A return on investment shows the percent payback of an investment – gain calculated by subtracting the cost from the benefit, divided by the investment. You may select a time period to show ROI. Alternatively, you can determine how long it will take before the investment pays off, or the time at which you break even and begin to benefit more from the investment than it costs you. A full analysis requires a look at cash flow, including discounts that factor in the time value of money. Your finance department may have models or you can work with consultants to baseline your environment and analyze the changes you will make.
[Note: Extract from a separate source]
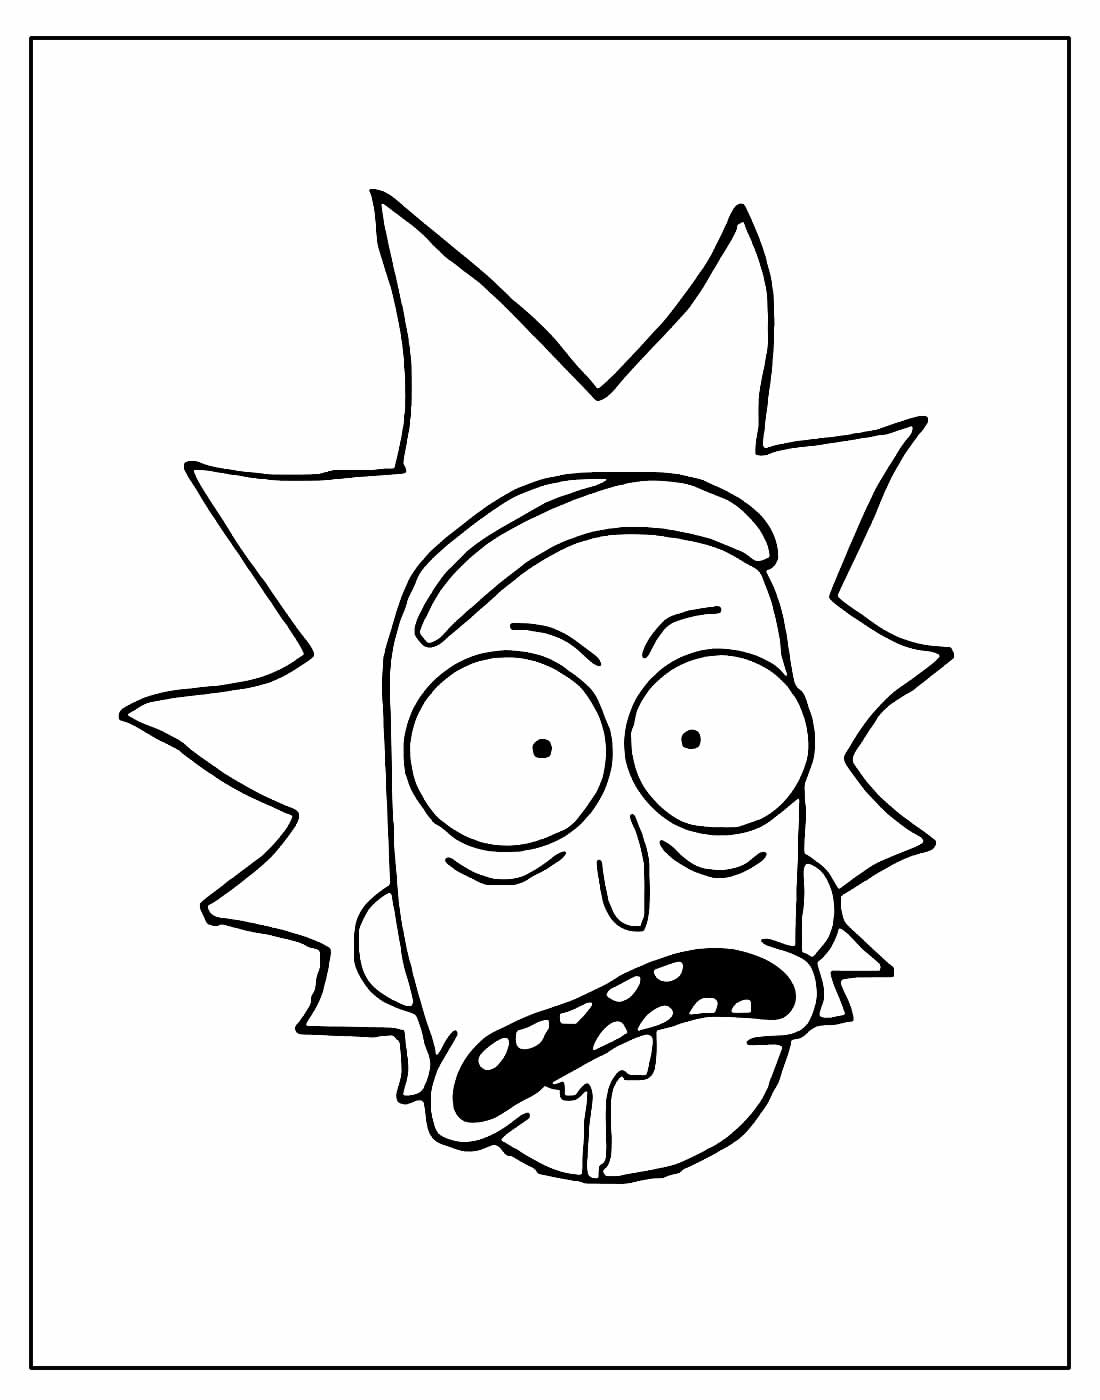 Página para colorir de Rick e Morty

Keep in mind you don’t necessarily have to identify and quantify each benefit. Focus on the “big hitters” and quantify the ones that are most easily defended. Then determine if you can reach a positive outcome, and look for more if you haven’t yet reached the goal! You can always list other benefits to show there is even more upside.

Be realistic as you build your case. You don’t just “flip a switch” when you put in new technology. Be sensitive to how long it will take for frontline, leadership, and/or support staff to get comfortable with a technology. Consider if you have a “hit” on performance that makes things worse before they get better. CRM is a classic example of this – handle times can go up, which may be OK if the revenue offsets it, or may be a temporary thing as people get used to using the tool and you tune workflows and processes.

Finally, don’t forget to close the loop and show that you reaped the benefits you projected. Allow time to settle in, recognizing benefits don’t come day 1 and may not come until 90-180 days out! Follow through on the commitments made, showing what you achieved, and what you learned. With a new rigor around investment value, chances are your next request will get more serious consideration as you show the reasons technology is worth the pursuit.